# idstein - 24 std. rennen planung - für august !!!!!



## trek 6500 (6. Januar 2010)

sooo, nochmal von neuem - deshalb neuer fred , weil in den alten sicher nicht dauernd jemand schaut .... das rennen ist ja nun auf den 28.-29 august verlegt !!!! deshalb können viele von den team leuten , die im mai gekonnt hätten , nun doch nicht ... also : neuer aufruf : wer fährt im august mit ? 6er oder 8er mädelsteam !!! 
trek 6500 
bike rooky 
dzibus
bettina überlegt noch
speciallady sagt bescheid ....

geht euch einen ruck und schaut in eute terminkalender , ob dieses we eventuell ginge ... wäre schade , wenn wegen der terminänderung nun die sache platzen würde ... snüff ... :-((( 
also , meldet euch zahlreich !!! lg , kati - hoffnungsvoll, aiuch für den august ein team voll zu bekommen ...


----------



## trek 6500 (8. Januar 2010)

...ich bettele !!! wer kennt schon seine daten und weiss, ob er an diesem august weekend kann ...(und natürlich bock hat , mitzufahren ???!!?) anmelden kann man sich wohl trotz des nach hinten - verschiebens bereits ende januar ....


----------



## MTB-News.de




----------



## trek 6500 (10. Januar 2010)

haaallooooooo , ist da jemand .........


----------



## trek 6500 (13. Januar 2010)

...ich schieb mal ...... man kann sich jetzt anmelden ...


----------



## Apollon (13. Januar 2010)

falls ich, entgegen meinen erwartungen, doch in idstein studieren sollte, fahr ich das rennen mit. 
nur mit dem kostüm, das ich tragen muss um im mädels- team mitfahren zu dürfen, könnte es probleme geben ...
oder stören euch behaarte beine nicht?? 

lg


----------



## speciallady (13. Januar 2010)

hallo zusammen,

ich bin dabei 

vg speciallady


----------



## trek 6500 (13. Januar 2010)

@appolon : ..srry , reines weiberteam !!!
@speci-lady : super !!!! dann sind wir zu viert - du , bike rooky, meine wenigkeit und dzibus  !!!!  bettina , was is mit dir ????????
sobald wir 6 . besser 8 haben , würd´ich sagen , melden wir uns an ....


----------



## trek 6500 (14. Januar 2010)

..schieb `.......


----------



## trek 6500 (18. Januar 2010)

,,bettina sagt ende der woche bescheid .... dann nur noch eine dame   und wir wären mit 6 leuten komülett .... und könnten  die anmeldung ins auge fassen ....


----------



## trek 6500 (22. Januar 2010)

betttiiiiinnnnaaaaaaaa----- !!!!!!!!


----------



## Bettina (23. Januar 2010)

Sorry, ich muss absagen.  Das Wochenende ist leider belegt.

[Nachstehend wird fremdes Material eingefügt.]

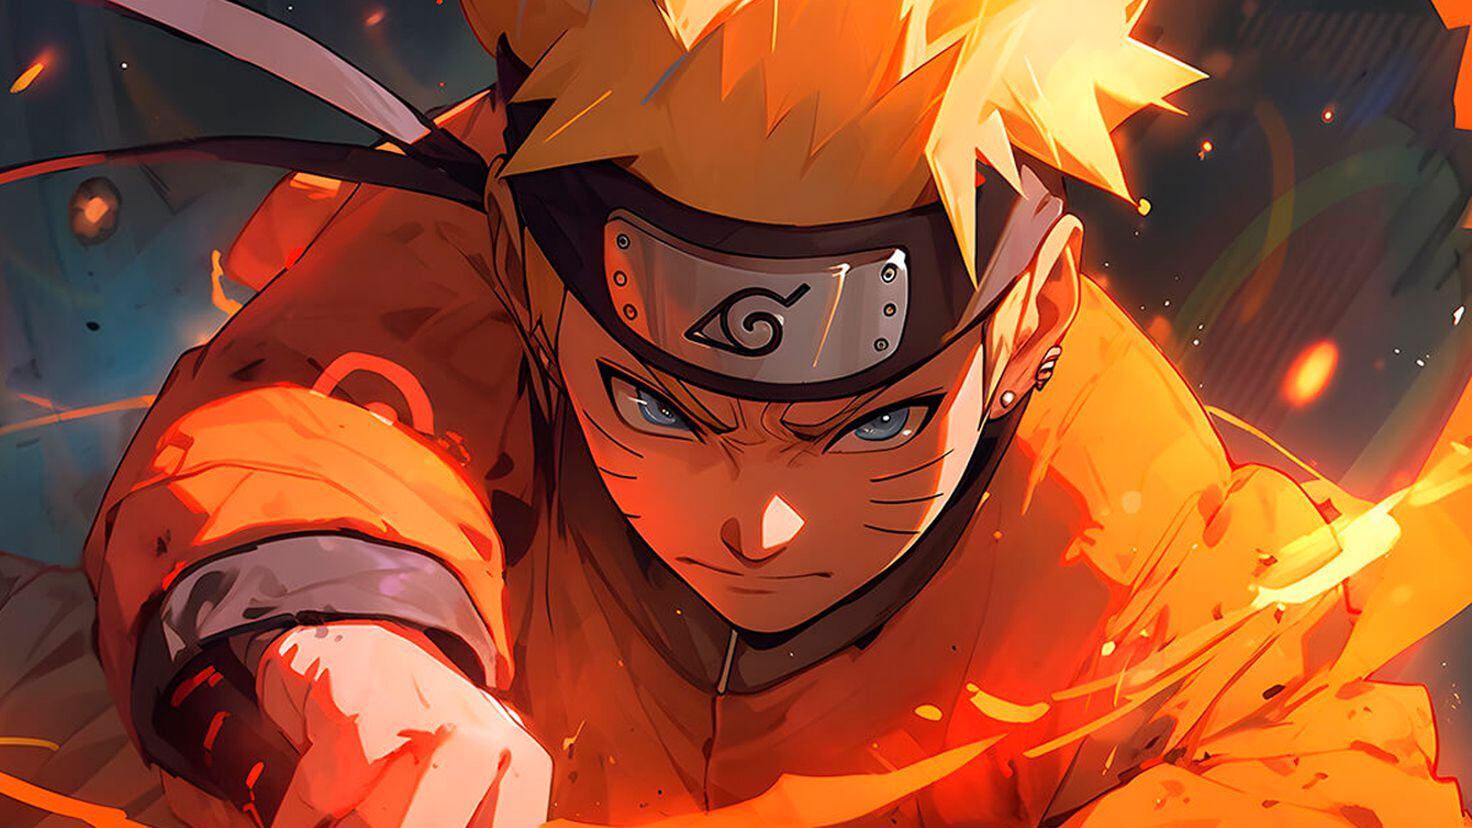 The live-action 'Naruto' movie is back on track with a new

Ich versuche noch ein Mädel zu motivieren, die wäre auch schneller als ich. 

viele Grüße Bettina


----------



## MTB-News.de




----------



## trek 6500 (23. Januar 2010)

..schade , wegen dir .. aber wenn du uns noch ein mädel - oder auch 2 - hihi - zuschanzen könntest , wär das toll !!!! lg , kati  p.s. schnell is net wichtig - geht ja nur um spassssssss !!


----------



## sandra10 (29. Januar 2010)

Hallöle ! Was ist denn Euer Ziel bzw. die erwartete Leistung einer Mitfahrerin ?


----------



## trek 6500 (2. Februar 2010)

hallo. sandra !!!!! sorry , heute erst deinen beitag entdeckt ! just für fun - dabeisein ist alles !!! das ist unser ziel . magst du bei uns mitfahren ???? lg , kati - schreib mir doch ne pn - ich nehm´dich dann in die team liste auf ... ciao , k,


----------



## trek 6500 (4. Februar 2010)

Saaaaandraaaaaa !!! Bitte melden !!!!! dankeeeee, k.


----------



## trek 6500 (8. Februar 2010)

...sandra meldet sich n icht mehr . es fehlen immer noch 2 zum 6er team . ob wir das noch gebacken bekommen ?? würde gern mal anmelden ....


----------



## trek 6500 (10. Februar 2010)

..schieb ......


----------



## MTB-News.de




----------



## trek 6500 (14. Februar 2010)

..ich glaub´, ich geb ´es auf , länger nach 2 mitfahrerinnen zu suchen ....


----------



## speciallady (16. Februar 2010)

..wieviel sind wir denn jetzt? vielleicht kann ich noch 2 überreden.. oder hast du schon aufgegeben?

lg sabine


----------



## trek 6500 (17. Februar 2010)

....seufz - du , dzibus , meine freundin und ich - also 4 .... 2 fehlen nach wie vor ... es ist zum verzweifeln .... nee, bin noch guter hoffnung - aber es nervt , dass sich nix tut ... lg , kati


----------



## trek 6500 (26. Februar 2010)

..schieb !!!!!!! bitte , bitte ...


----------



## bikerchen (27. Februar 2010)

Hallo, trek,

ihr könnt euch doch auch schon so anmelden - Nachmeldungen und Kategorieänderungen können noch bis Anmeldeschluss eingegeben werden. Lieber mal die Plätze sichern..


----------



## trek 6500 (3. März 2010)

....naaa, net so ironisch .... 
möchte das 6er team erst zusammen haben - dann erst das ganze gefriemel mit dem geld  etc ....


----------



## trek 6500 (6. März 2010)

...ja , das wird hier ja wohl nix mehr . dann werd´ich nur so hinfahren - also : selber dort in der nähe ne tour fahren und dann zum zugucken hin ... trotzdem schade ....


----------



## bikerchen (8. März 2010)

Wieso trägst du dich nicht einfach in die Teilnehmerbörse ein? Da stehen schon zwei - allerdings bisher Jungs..  ein Mixed-Team wär doch auch was, oder?


----------



## trek 6500 (9. März 2010)

--hab mich da schon ganz am anfang in der suche eingetragen - hat sich auch keiner gemeldet ....und so auf den letzen drücker - nee, kein bock . will vorher alles fest und geplant haben ...


----------